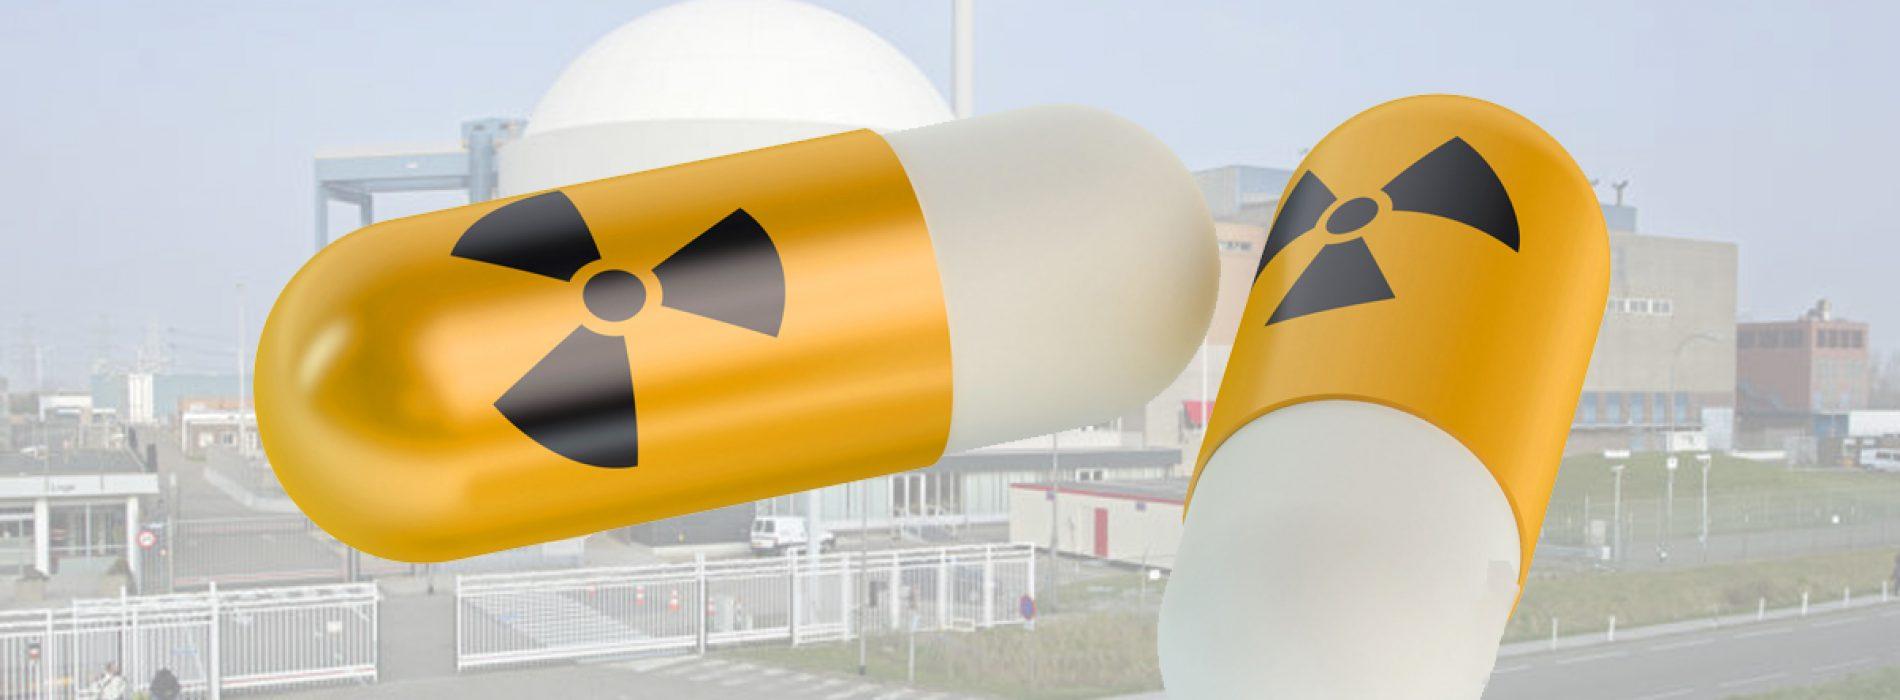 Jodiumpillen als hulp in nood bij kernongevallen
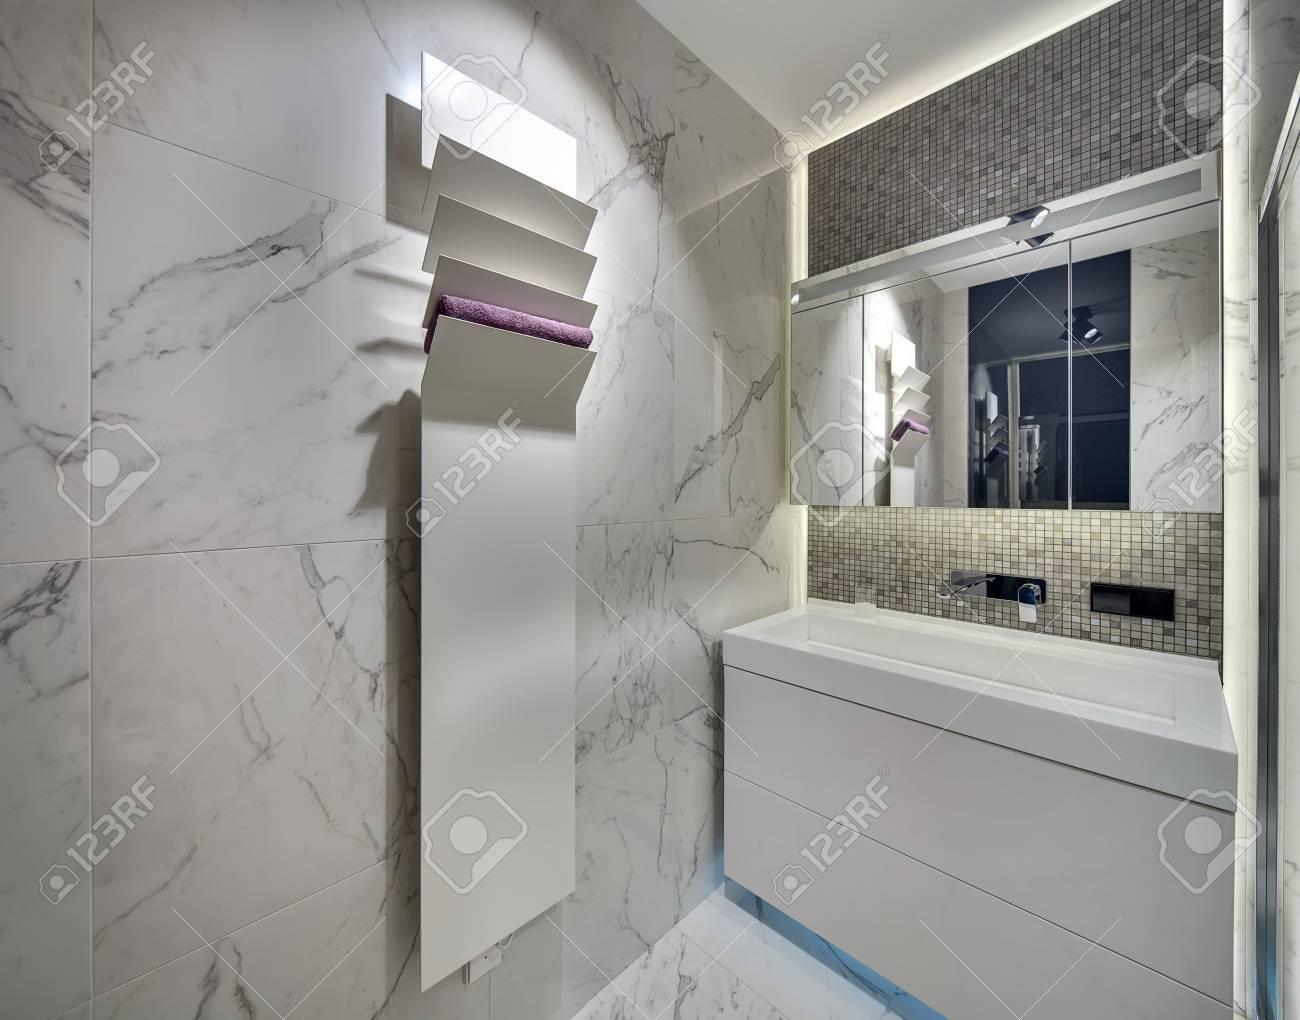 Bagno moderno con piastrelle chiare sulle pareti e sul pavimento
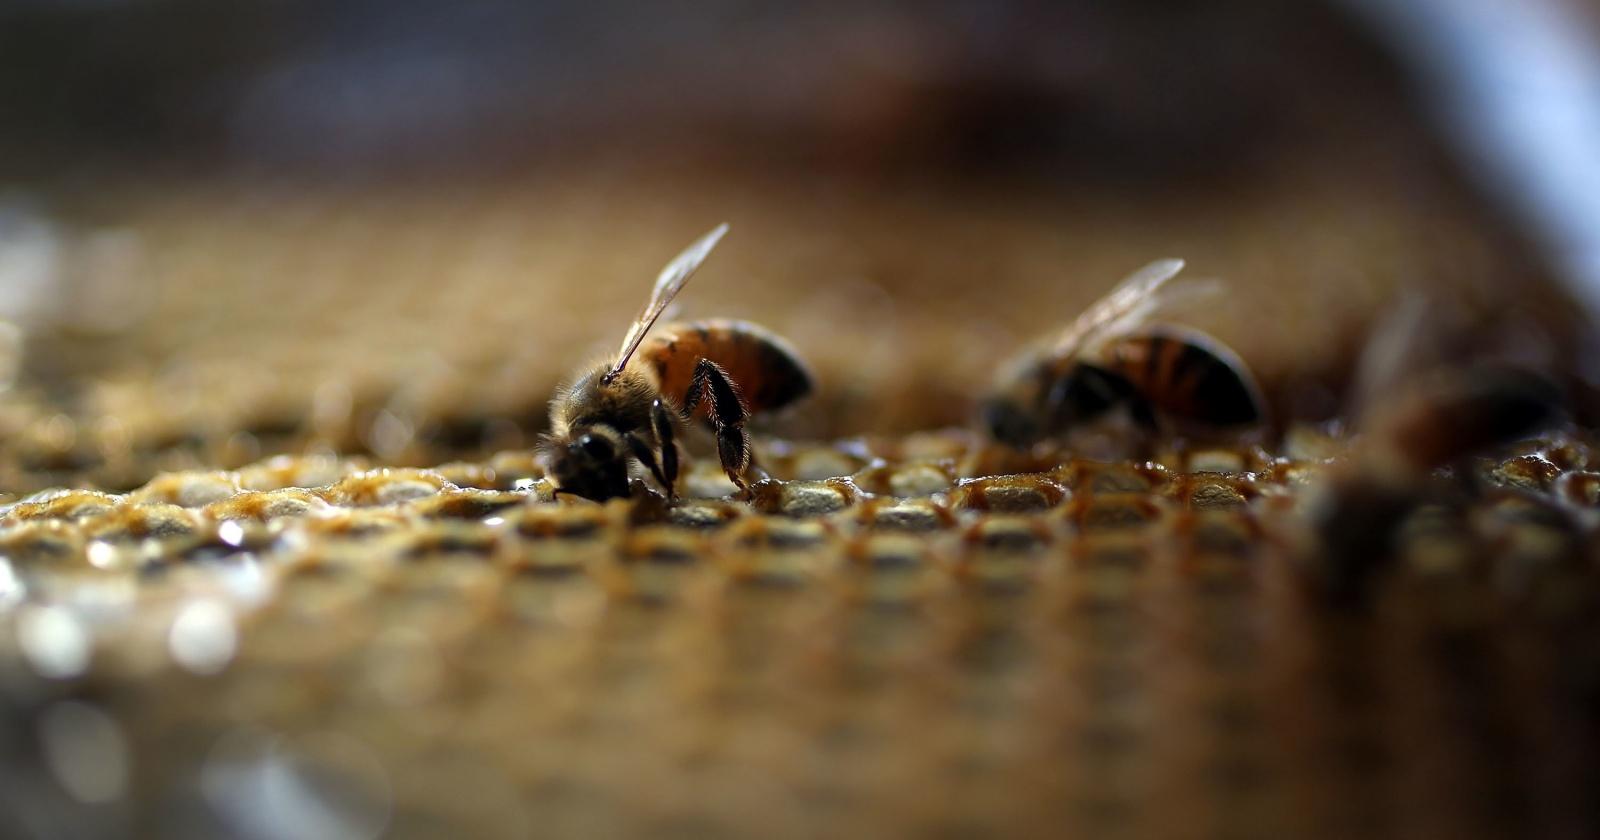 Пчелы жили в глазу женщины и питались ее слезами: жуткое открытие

+ + +

- _Problem details_
Would you set down each line of the listing above exactly, apart from the pictures?

- _Response to this task_
 Jodiumpillen als hulp in nood bij kernongevallen
 Bagno moderno con piastrelle chiare sulle pareti e sul pavimento
 Пчелы жили в глазу женщины и питались ее слезами: жуткое открытие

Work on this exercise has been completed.